この作品で言うと、主人公たちがパズル探しをしだしてからはそれを淡々とこなすだけで物語りの起伏が無い。また、エリート設定の学生のはずなのに、全く頭が良さそうに見えないキャラ達。
このように問題点が多いと思う。読書になれていない人相手であれば、サスペンス的なはらはら感でごまかせるのかもしれないが・・・。


No.143 9点 硝子のハンマー
貴志祐介
(2019/07/06 10:28登録)
甘いかもしれないが非常に楽しめたので9点で。

別解をひたすらつぶしていくやり方は、私が探偵ならそうする、というやり方なので個人的に好み。それに真相が別解と比べて一番インパクトがあり、尻すぼみ感がないのもgood!真相の物理トリックは高校物理の範囲で理解できるもので、シンプルながら面白かった。
あえて多くは語りません。


No.142 7点 月の影 影の海
小野不由美
(2019/07/03 11:06登録)
シリーズ第一作目なので陽子と読者の認識が同じレベルなのが、物語に緊張感を走らせる。これだけテクニカルタームが多いのに読みにくさがほぼ無くその辺は上手く書いていると褒めざるをえない。
壮大な世界観を感じさせ、今後もこのシリーズを追いたいと思わせてくれた。中盤までの容赦の無さは読んでて辛いが、それでぐっと十二国の世界に引き込まれるのも確か。
まだまだ十二国世界の一部しか見られていないので、とりあえずこの評価。だが、この後も盛り上がるのだろうという期待感がある。

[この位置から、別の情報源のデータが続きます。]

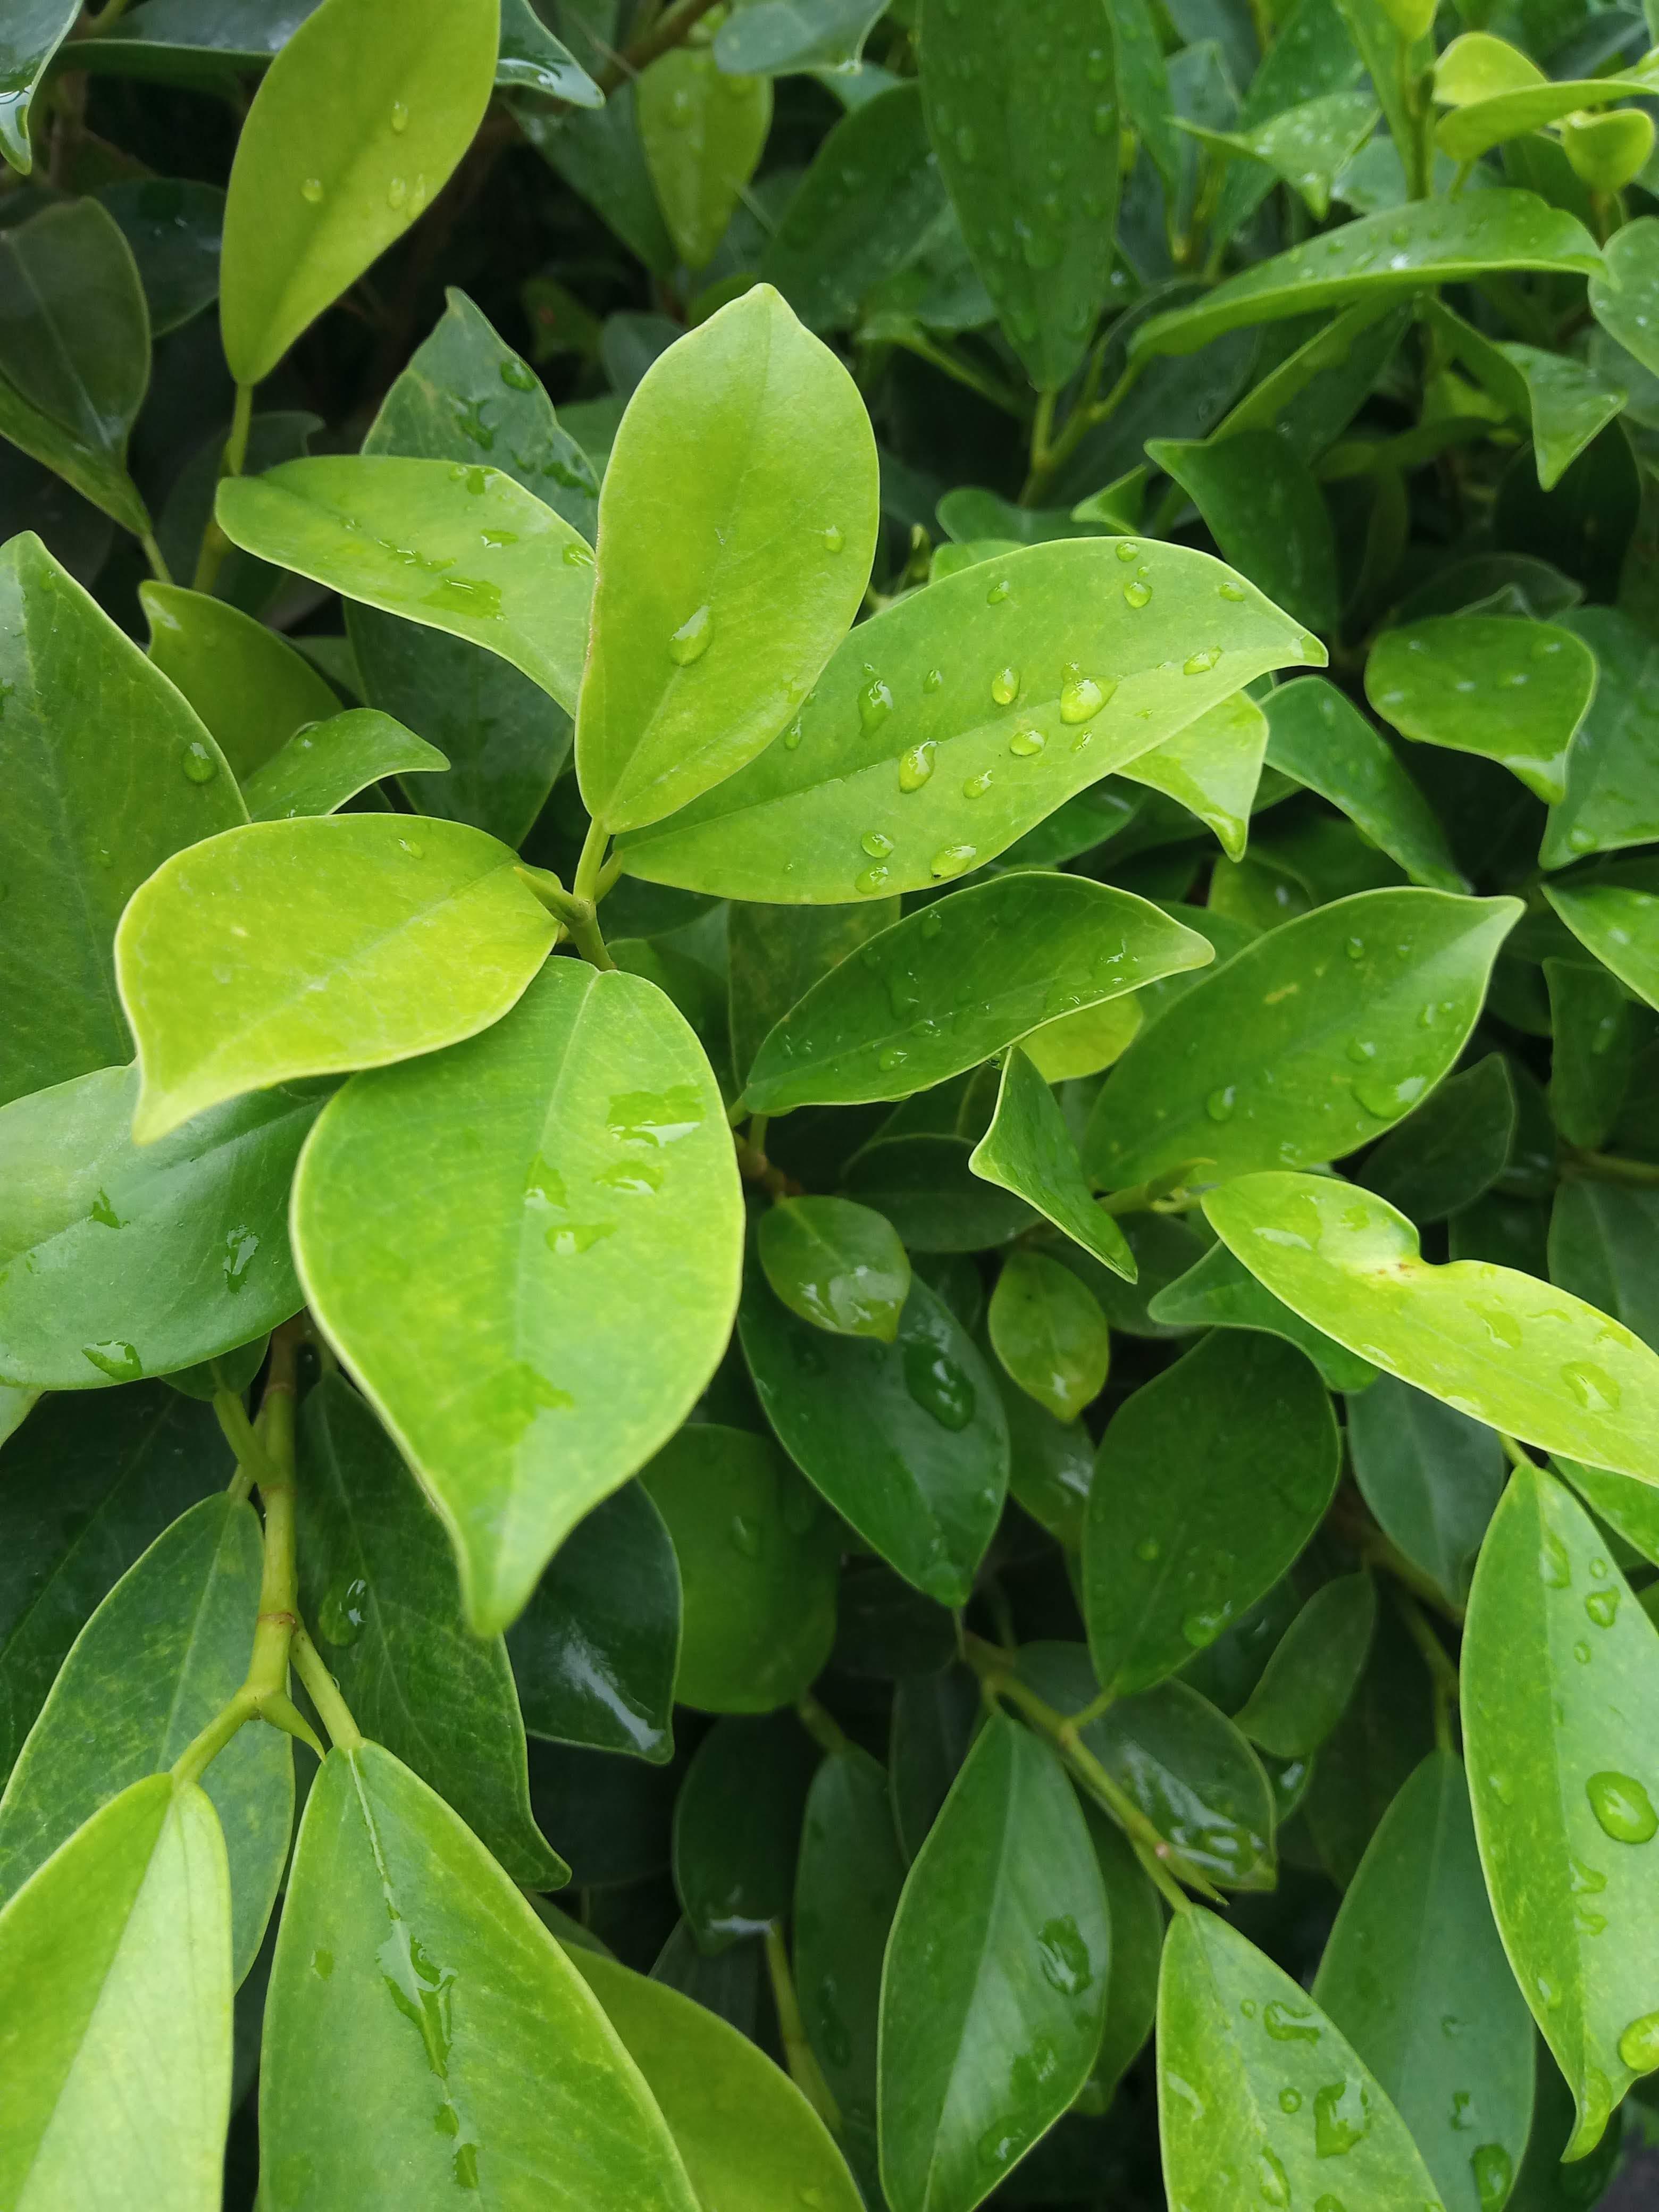 Free stock photo of droplets, drops, garden, garden plant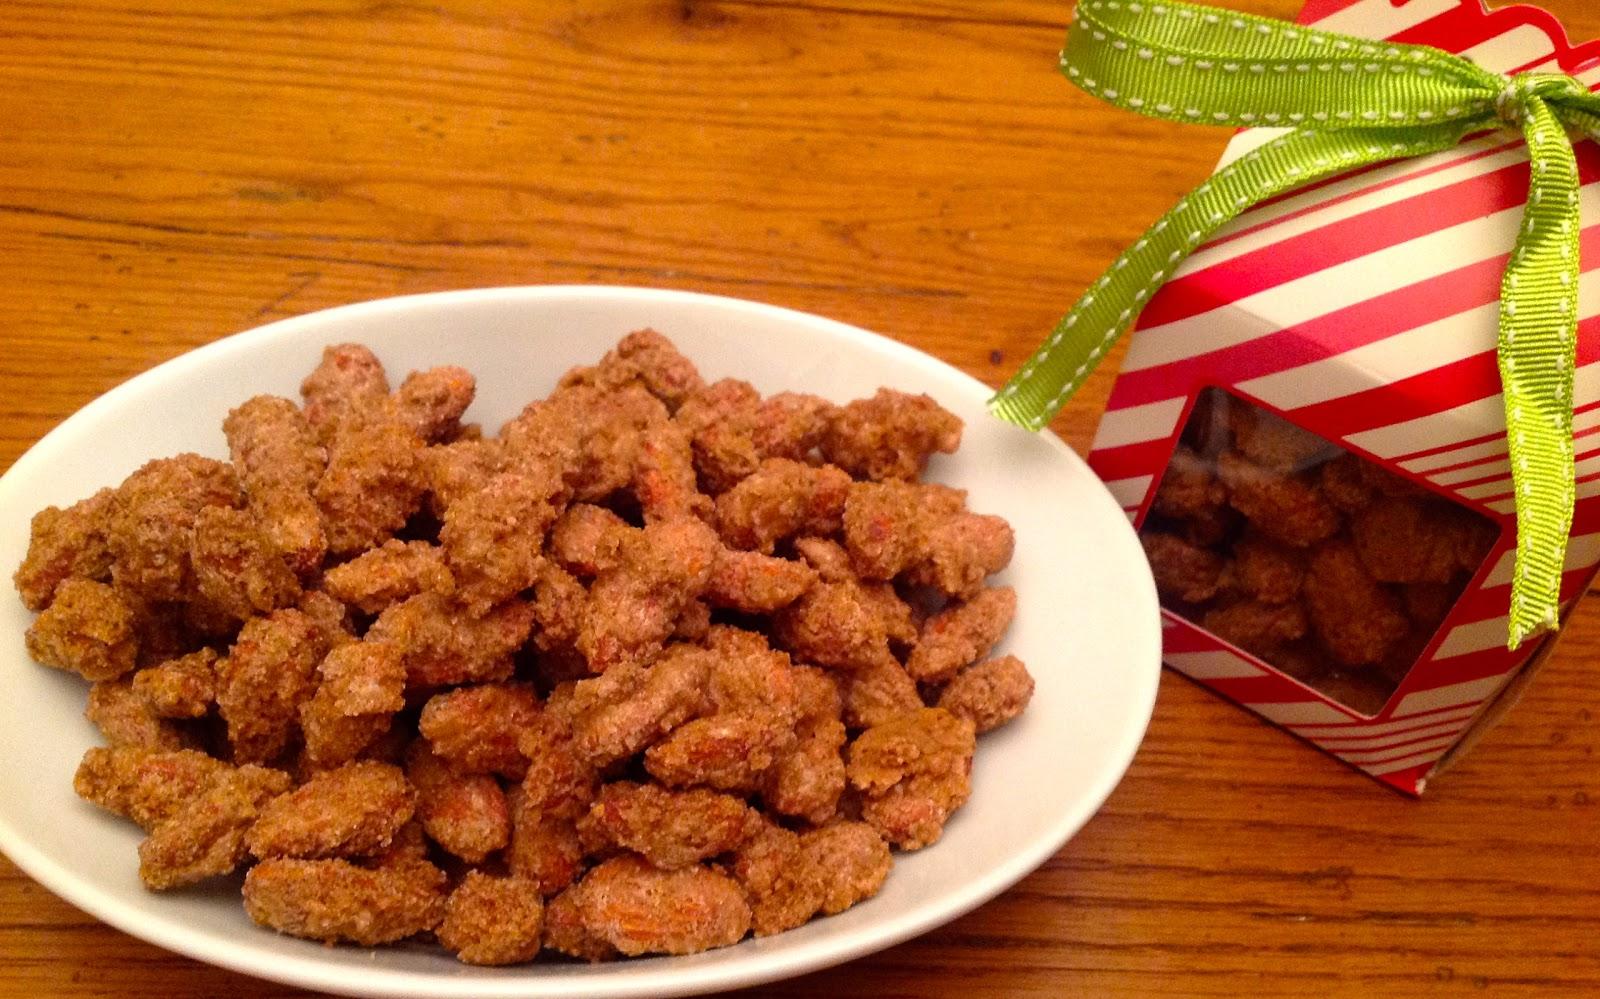 Dawn's Recipes: Cinnamon Roasted Almonds

延王と会ってからは、中盤までとはうって変わって平和な話になるので、最後の陽子と景麒の再会のところでもう一波乱あってもよかったのでは、という気はした。


No.141 7点 十二国記
小野不由美
(2019/07/01 14:43登録)
十二国記シリーズの書評をここにまとめます。
(シリーズ読み進める毎に編集で追加します。)

「月の影 影の海」(7点)
シリーズ第一作目なので陽子と読者の認識が同じレベルなのが、物語に緊張感を走らせる。これだけテクニカルタームが多いのに読みにくさがほぼ無くその辺は上手く書いていると褒めざるをえない。
壮大な世界観を感じさせ、今後もこのシリーズを追いたいと思わせてくれた。中盤までの容赦の無さは読んでて辛いが、それでぐっと十二国の世界に引き込まれるのも確か。
まだまだ十二国世界の一部しか見られていないので、とりあえずこの評価。だが、この後も盛り上がるのだろうという期待感がある。